Et je ne suis pas en train de dire que Kevin Parent est fautif, loin de là, je dis simplement que sous la pression, il s’en est sorti de la meilleure manière, parce qu’il pourra toujours justifier ses paroles si ça dérape (même si je ne crois pas que ça pourrait déraper) : ça sera sa parole contre celle des autres. Et son aura d’artiste colore bien tout ce qu’il a dit, les mêmes paroles dites par quelqu’un de plus controversé n’aurait pas aussi bien passé…
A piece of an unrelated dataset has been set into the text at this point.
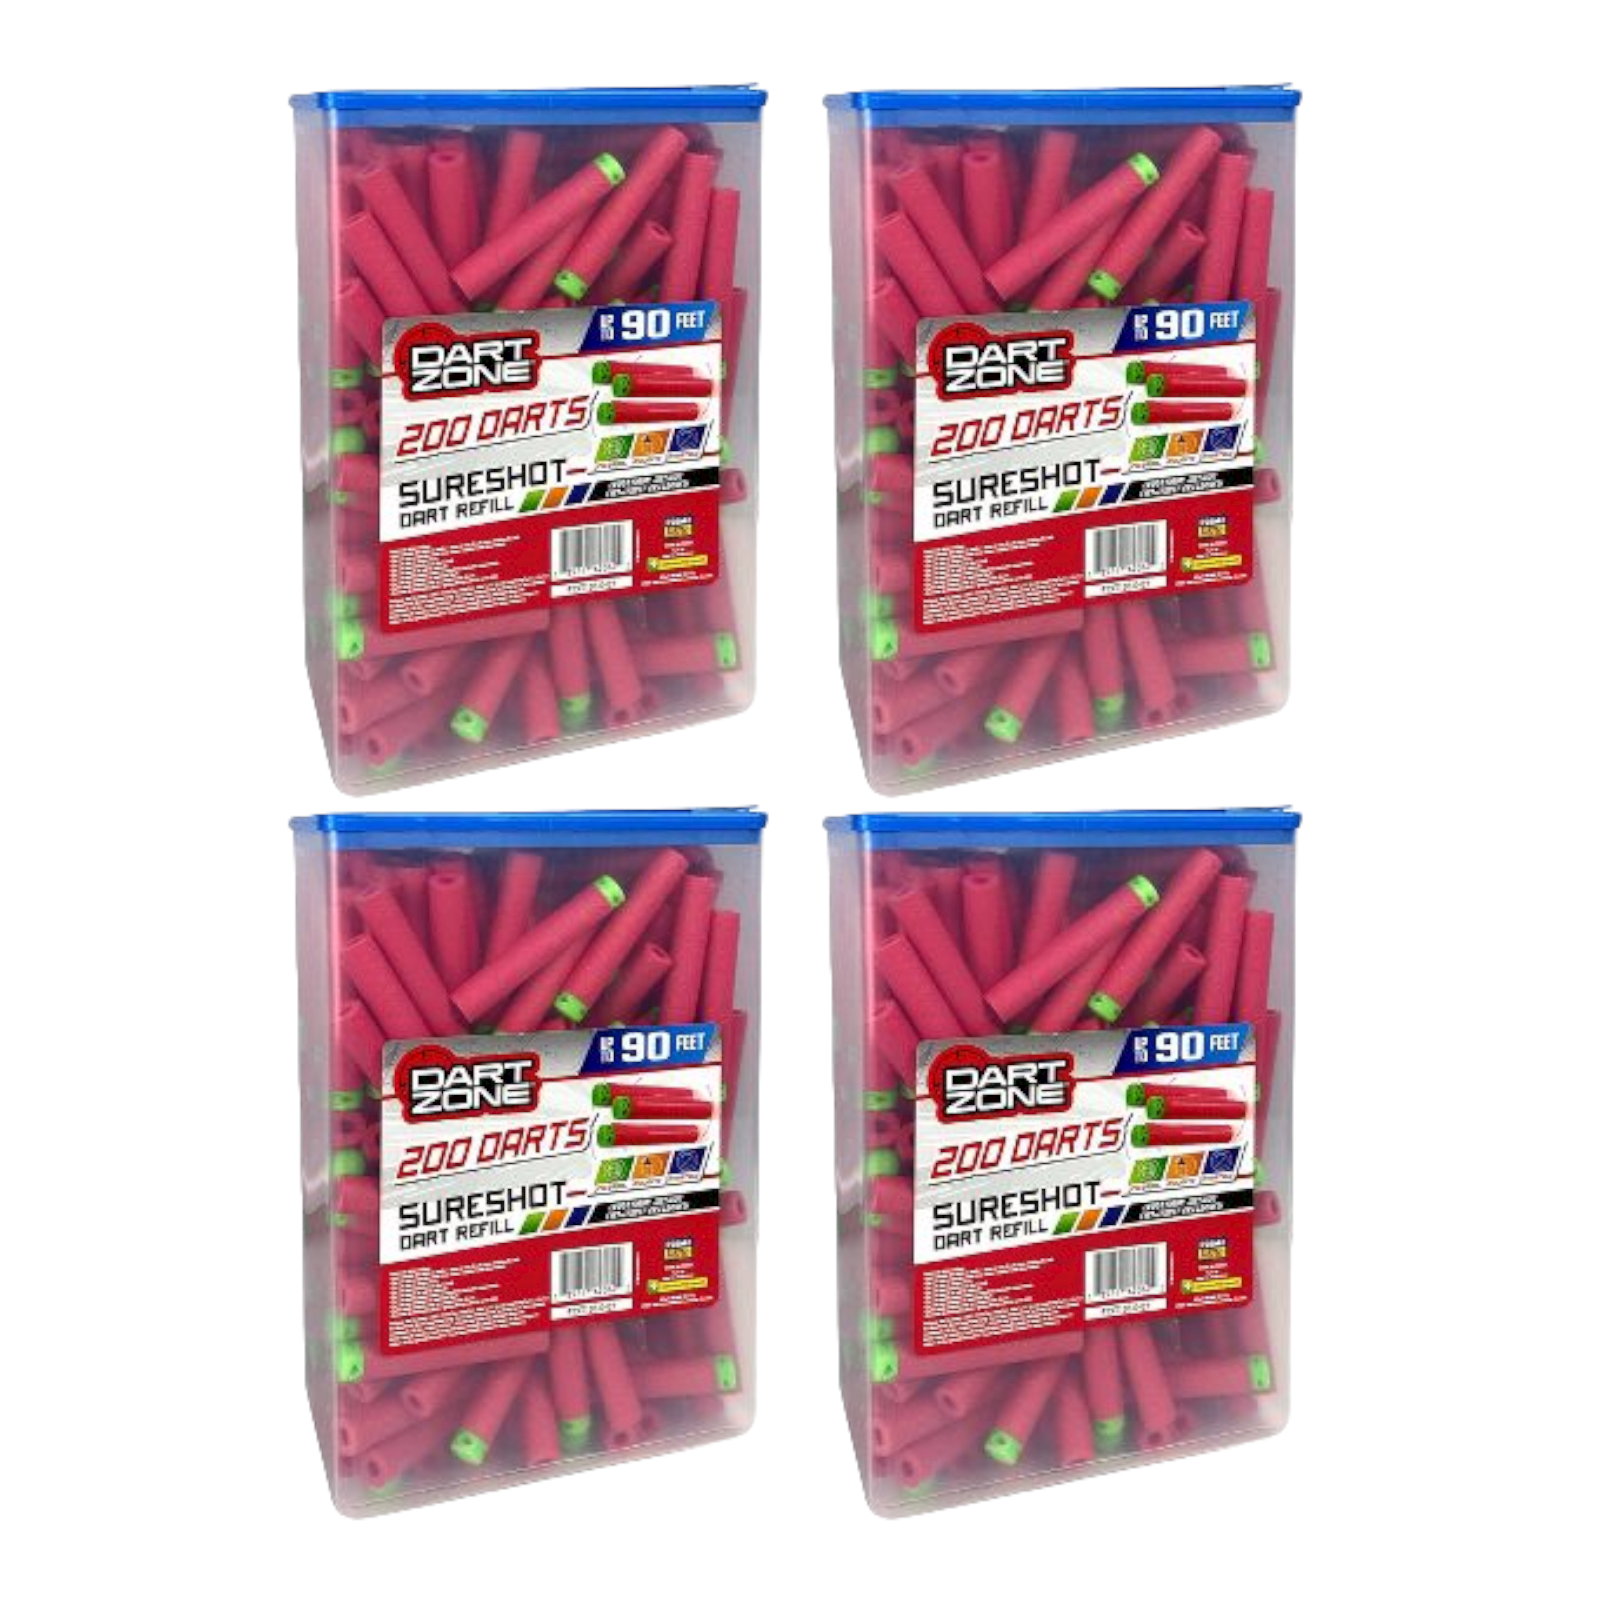 Dart Zone Refill Darts Universal Sureshot Covert Ops 800 Piece Lot Full Length Prime Time Toys
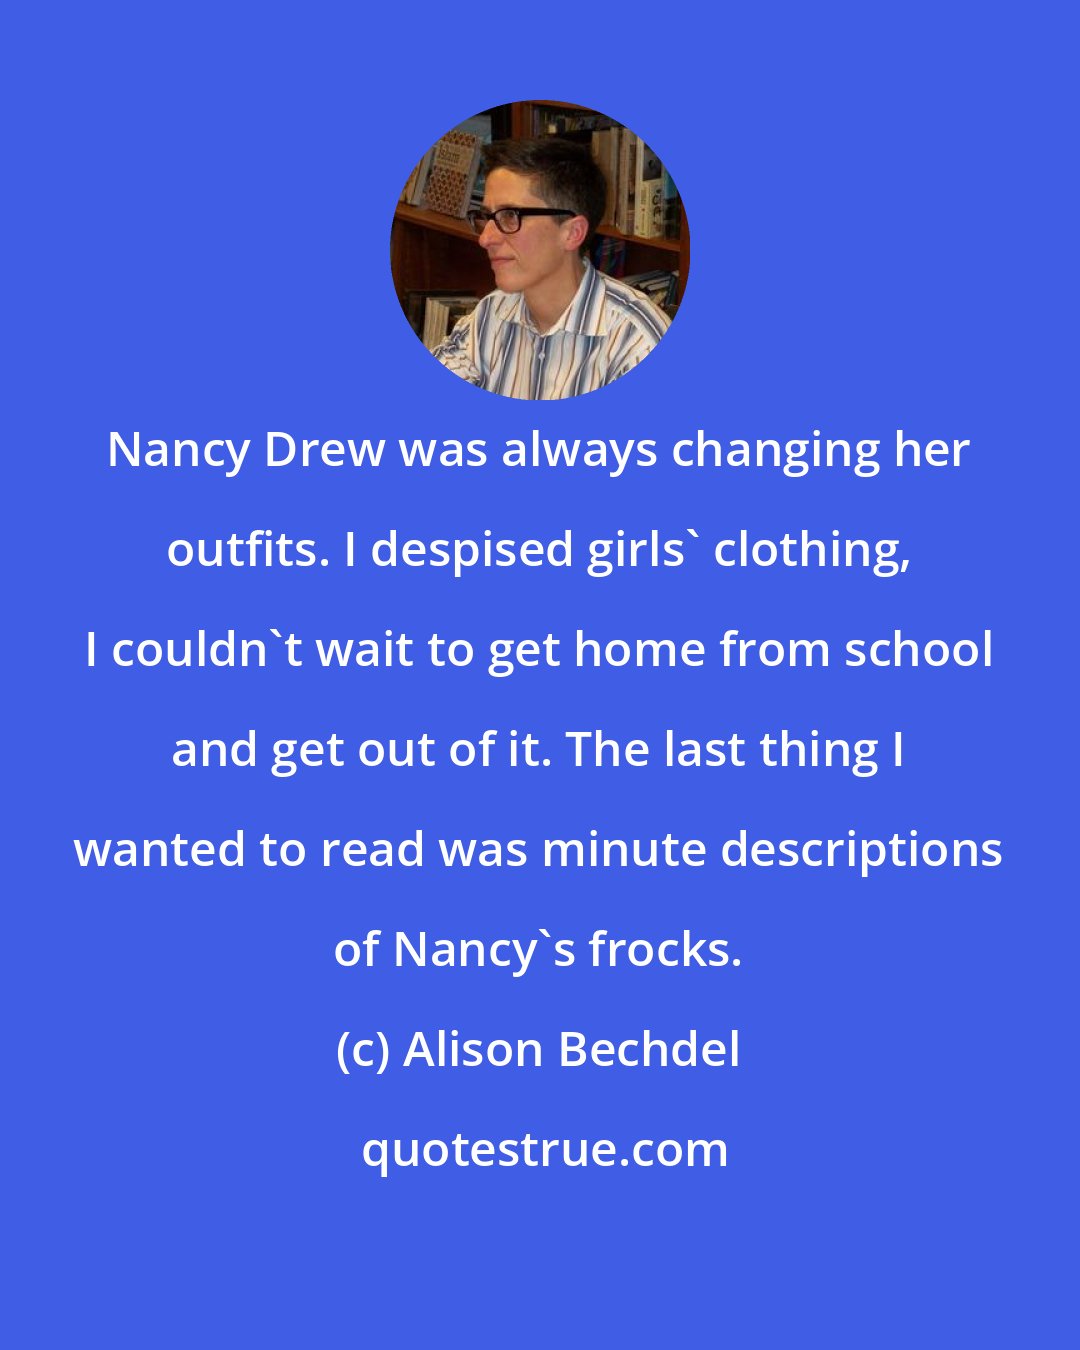 Alison Bechdel: Nancy Drew was always changing her outfits. I despised girls' clothing, I couldn't wait to get home from school and get out of it. The last thing I wanted to read was minute descriptions of Nancy's frocks.

En définitive, je crois qu’il faut se poser la question à savoir si on plonge ou non dans ce débat, si on veut que le résultat de cette commission représente ou non ce que la majorité désire. Si je comprends bien, c’est bien plus une peur d’avoir peur de se retrouver dans le pire scénario qui soit qu’une peur réelle et justifiée par rapport à ce qui se passe en ce moment.

Alors, j’aimerais bien terminer avec une citation de Pierre Légaré, qui provient de son texte Rehtorb Gib, paru sur cyberpresse :

Les accommodements raisonnables, c’est comme les boutons. On peut simplement les cacher avec un onguent ou les faire péter, mais reconnaissons que c’est tout de même une bonne idée d’essayer de savoir ce qui peut bien les faire apparaître.

Ma plogue du jour

Une autre tournée de p’tits jeunes qui se font payer avec des voyages pour servir de viandes à journaux à potins.

Ce brillant et coloré énoncé est une citation qui vient directement du blogue de Steven Painchaud, et c’est un de ses commentaires dans ses P’tites Vites (#73) par rapport à la nouvelle livrée de jeunes dans l’émission « Pénétration Double« , hé hé! (Eh! oui, j’emprunte cette déformation syntagmatique au Bye Bye des RBO et espère même attirer encore plus de pervers ici avec elle!)

Il explique qu’il a zappé de Tout le monde en parle pour écouter cette émission, et je tiens à le remercier (même s’il ne me surprend pas tant que ça…) : un peu grâce à lui, je vais continuer soit d’écouter TLMEP, soit d’écouter ou de faire autre chose.

Avant de finir, je peux vous avouer que j’ai beaucoup plus apprécié cette émission que la première, pour plusieurs raisons. Je vous reparle d’un moment qui m’a marqué demain, et ça aura beaucoup de lien avec le passage où Steven parle de Rehtorb Gib.